Like it’s been there all along

 

Despite its full-block size, the new Orpheum multi-use development in downtown Dover plays off the dimensions of the old Masonic building, far left. The redesign sought to maintain downtown Dover’s historic brick storefront appearance – narrow buildings with upstairs housing set side by side.
How about a brief taste of a big-city side street?
While adding population density to downtown Dover, the Orpheum remains tucked in when viewed from Washington Street just below Lower Square. The small-town landmarks remain the old Masonic building, left, and former Strafford Bank, right, in their interplay of brick and stone.

 

Shooting hot and cold

Over the past year I’ve been playing with the auto settings on my camera. My aesthetic would normally be to go as natural as possible, but there are many times the result simply looks too flat for my taste, even after I sharpen the image or otherwise tweak it afterward. (In the early years of this blog, I didn’t even do that much. Rarely did I even crop the pic except in the camera as I was shooting.)

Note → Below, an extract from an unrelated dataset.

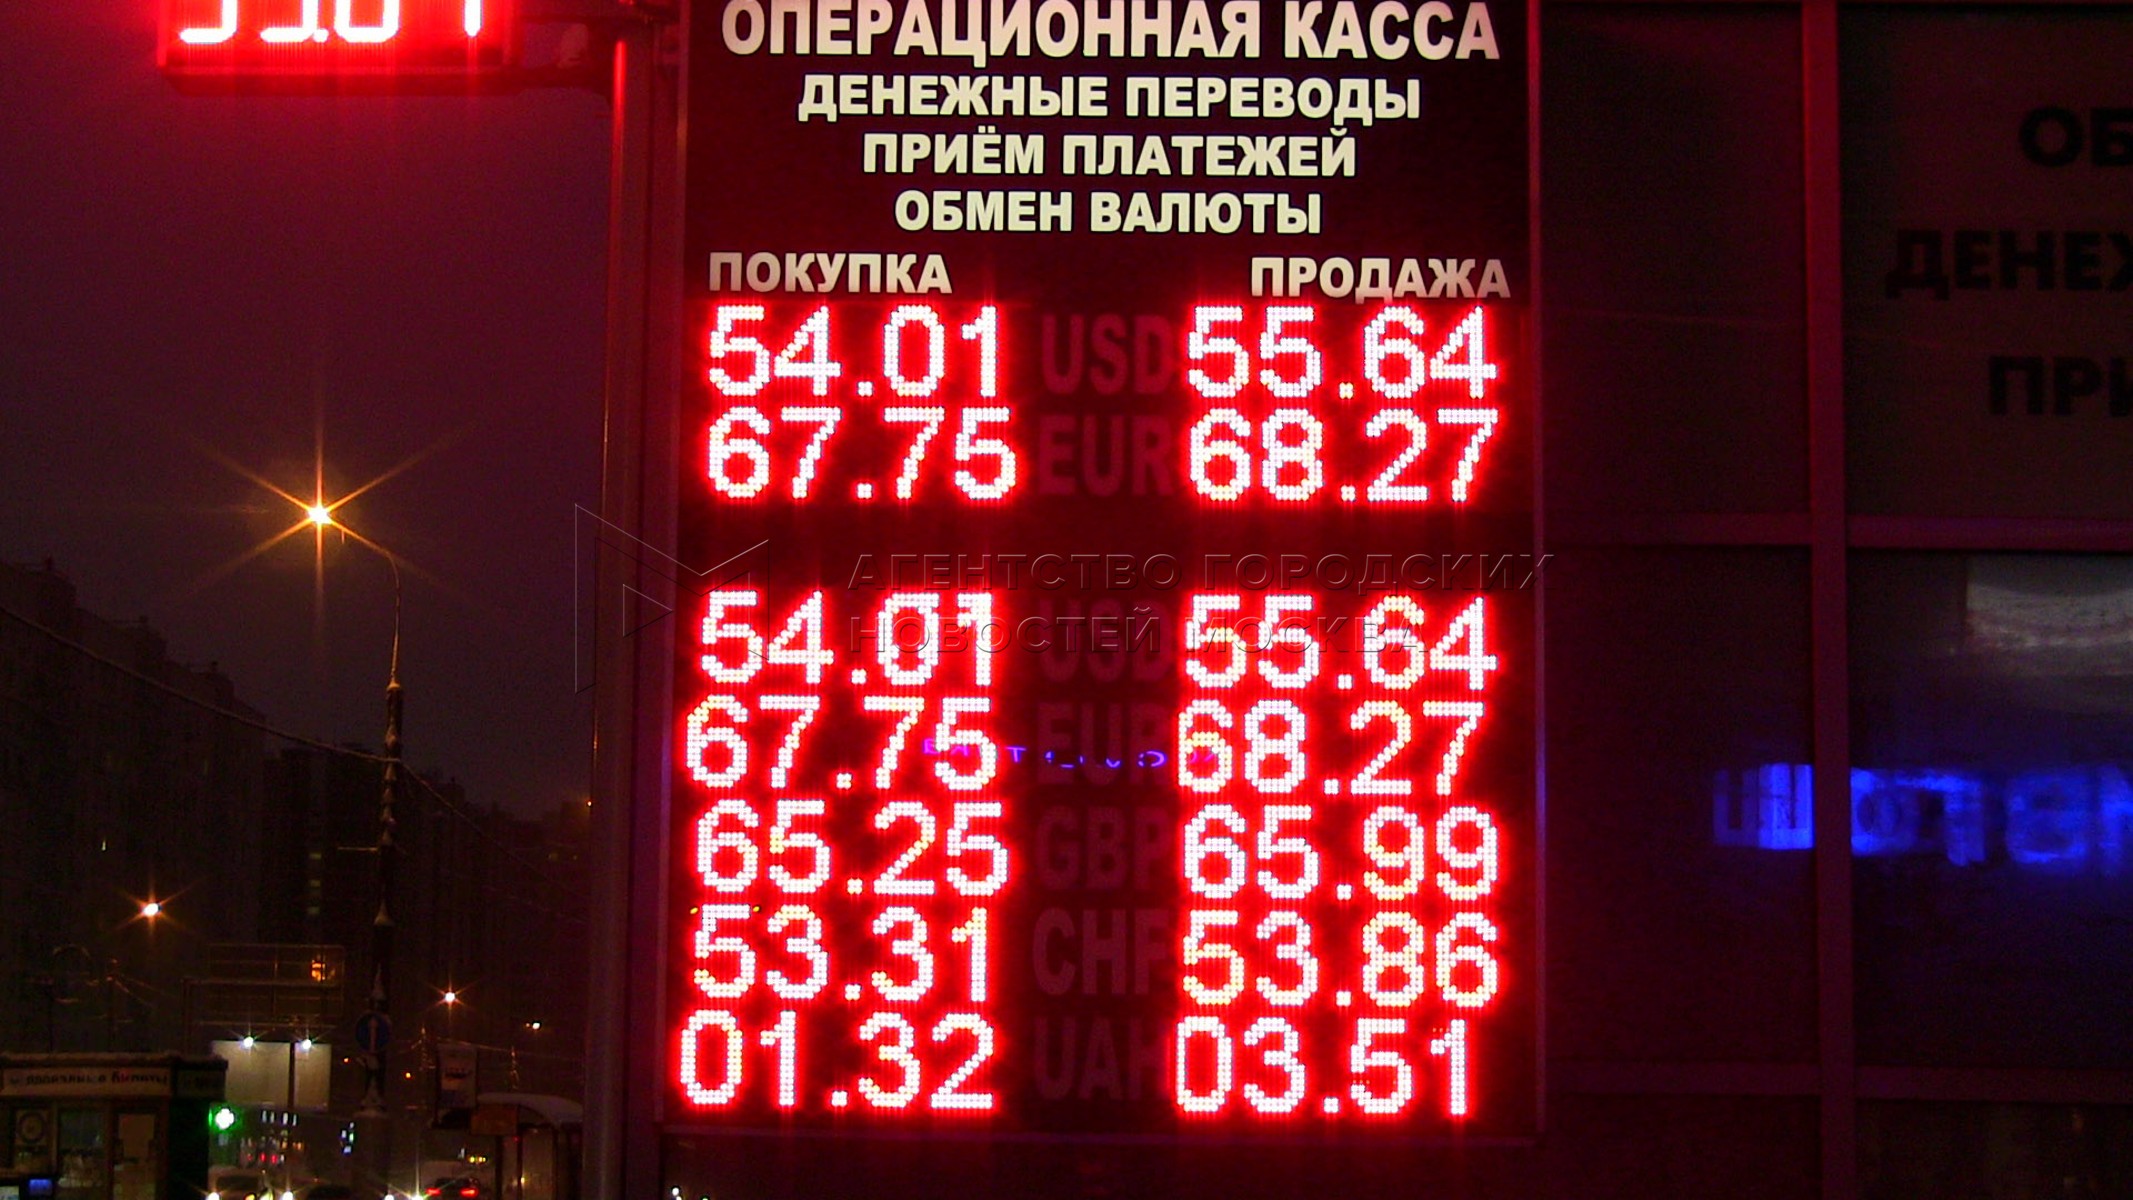 Обмен на лиговском курс валют. 49 Валют. Операционные кассы обмена валют в Москве на сегодня.
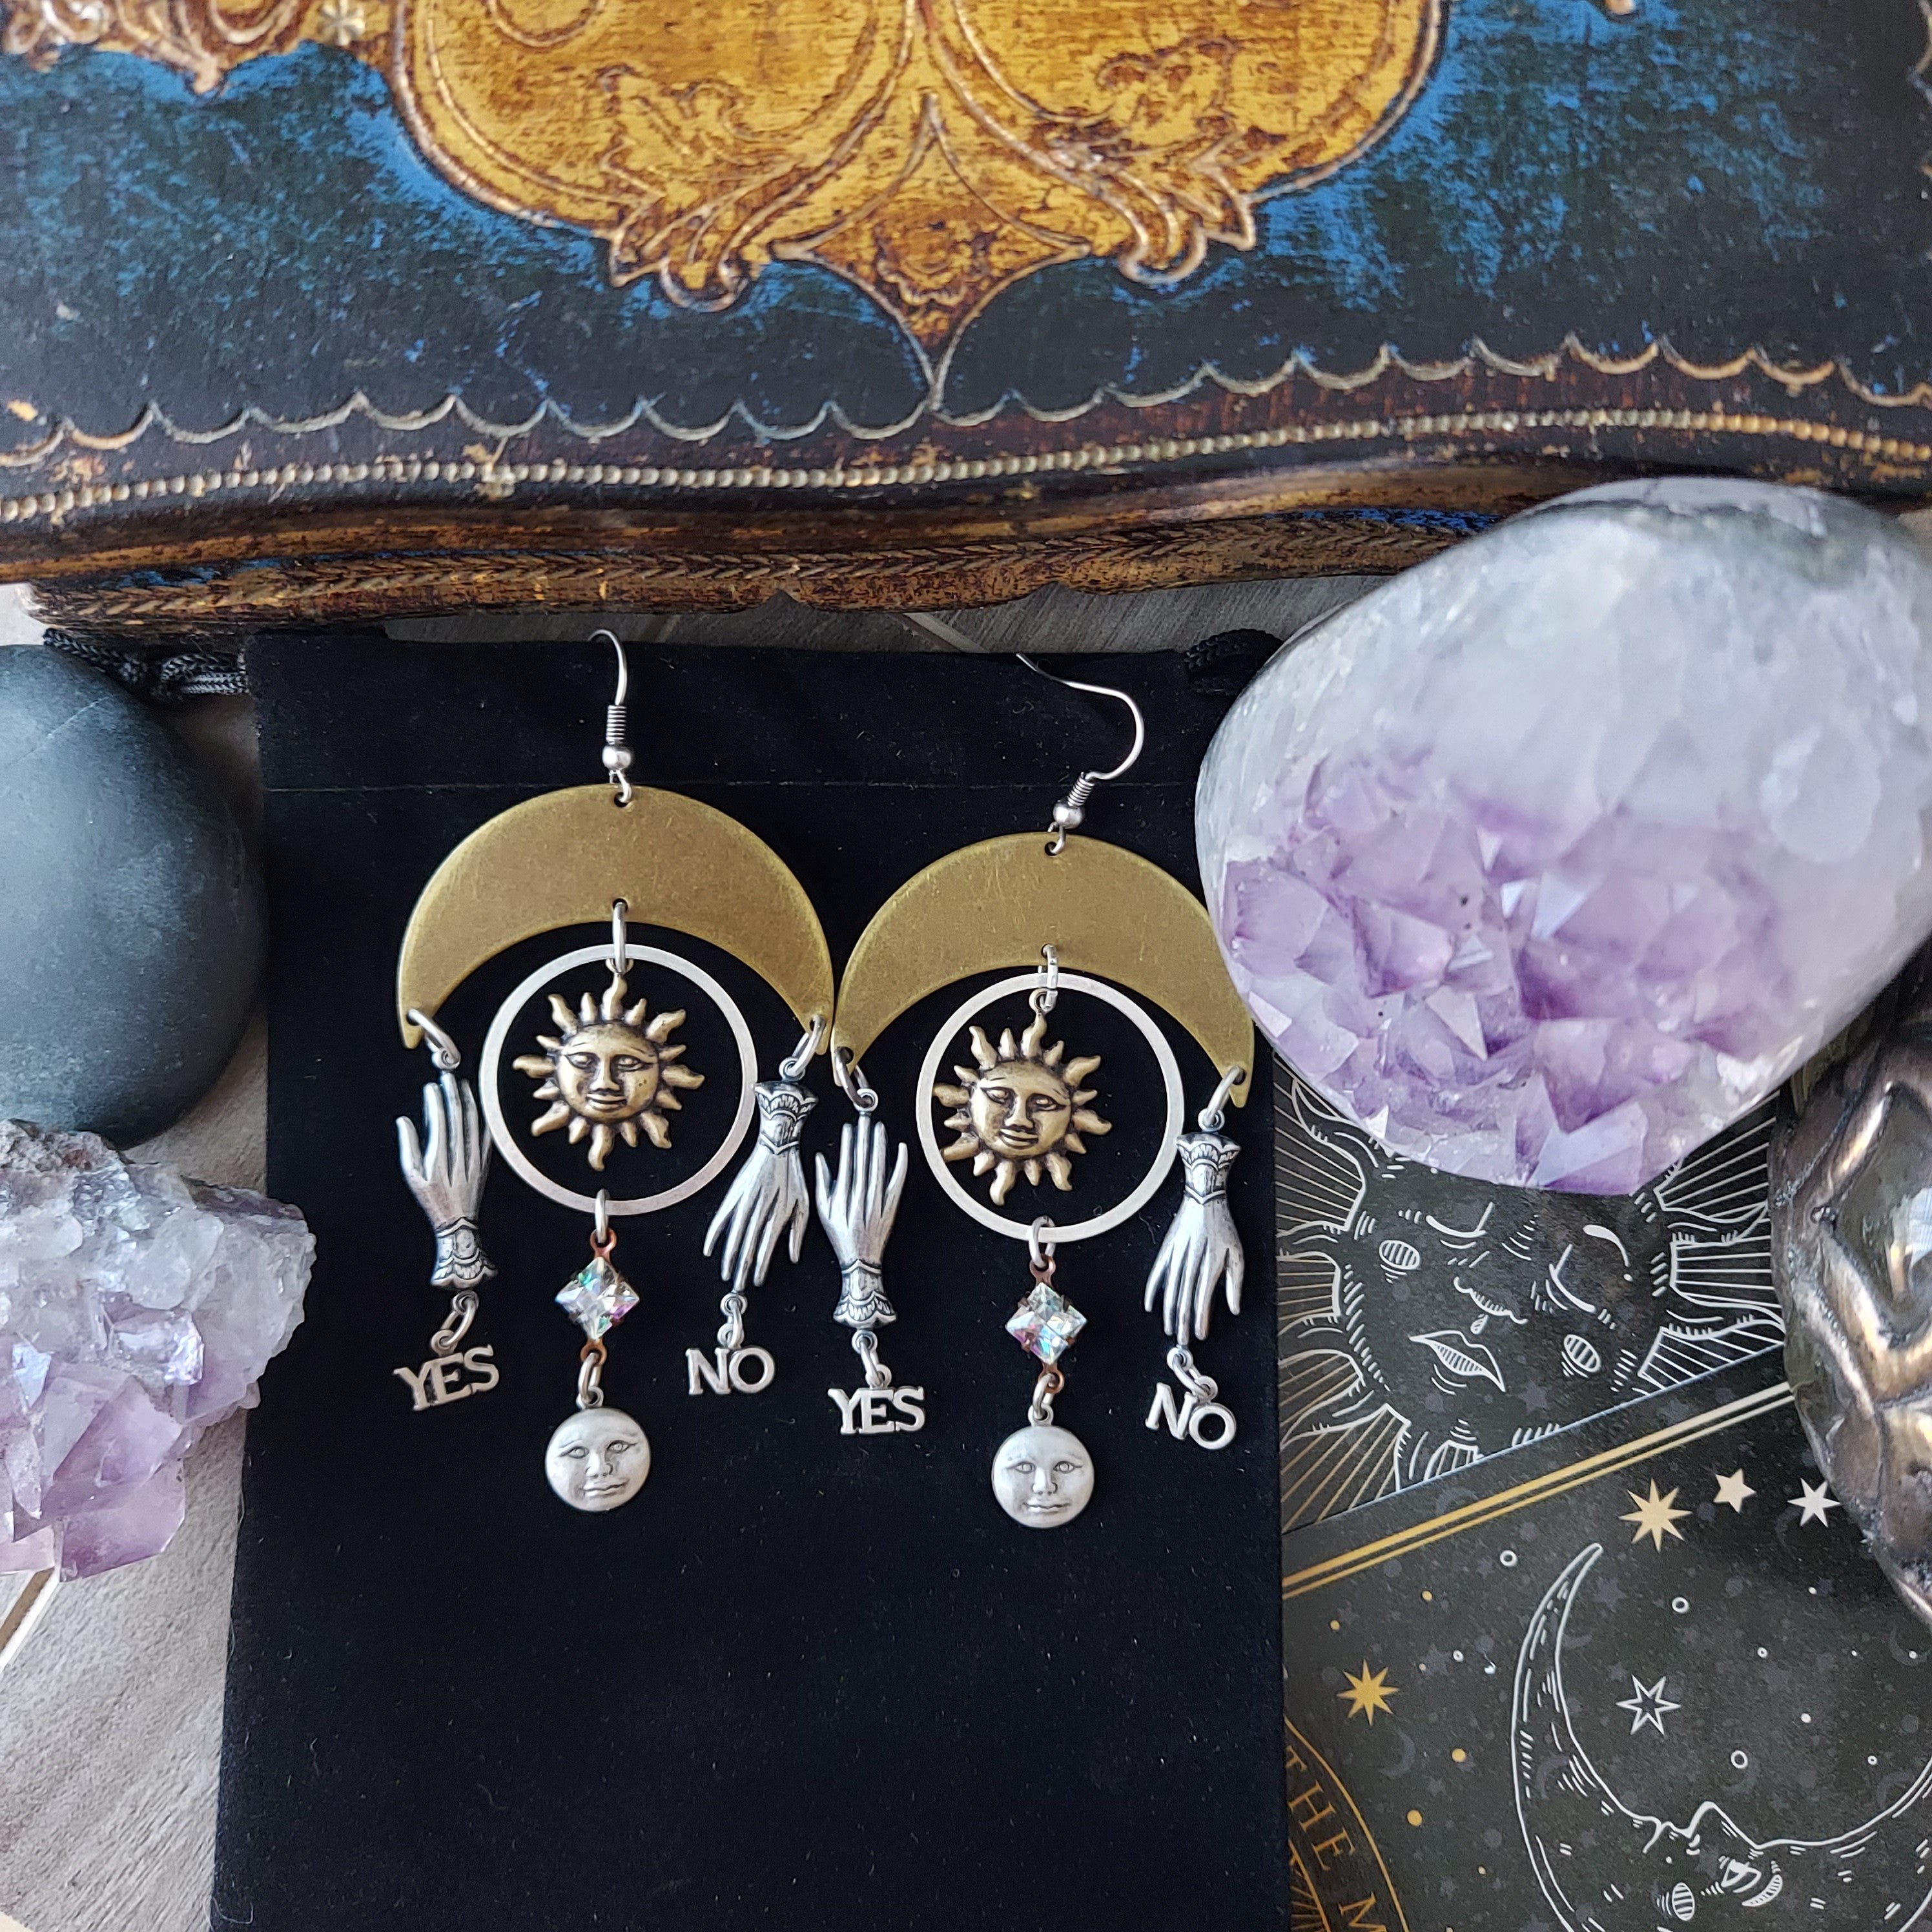 Buy Statement Raffia Earrings Boho Drop Dangle Earrings for Women Handmade  Fashion Earring Bohemian Gift Jewelry for Girls(Black) at Amazon.in

As I focused on New England foliage last fall, though, I was really struck by how much the supposedly natural settings differed from what I felt I was seeing. The vibrant colors seemed to turn cold by the time I viewed them on my laptop.

On the other hand, the “magic” setting often ran too hot, occasionally even turning lurid. Sometimes the image simply blew out in a burst of red.

Admittedly, often the foliage does appear subdued, but that’s not what we’re looking for. We want that “oh, wow,” to kick in. That brings up the matter of light, which can pop the leaves from so-so to absolutely glorious in a flash — not that the camera always captures that.

What I’m concluding is that cameras have a mind of their own, and sometimes you just have to respect that. Here are two shots from Dover’s Community Trail. Which do you prefer?

Hot …
… and cold.

 

 

Cocheco or Cochecho?

That is, one h or two? Even before we get to COCHECAW / COCHECOW amid a host of other Colonial spellings.

A 1771 map of New England has no Dover (settled in 1623) but Rochester and Durham, later offshoots, as well as the KOCHECKA RIVER.

Also, that map shows Cape Neddick, Maine, as Bald Point, and Winnipesauke Lake, the the north, as Winipissionket Pond.

There’s so much to untangle in such evidence.

The widely used one-h spelling, by the way, is traced to a clerk’s error in 1827 in the founding of the Cocheco Manufacturing Company, building on the cotton mills started in 1812 at the waterfalls downtown.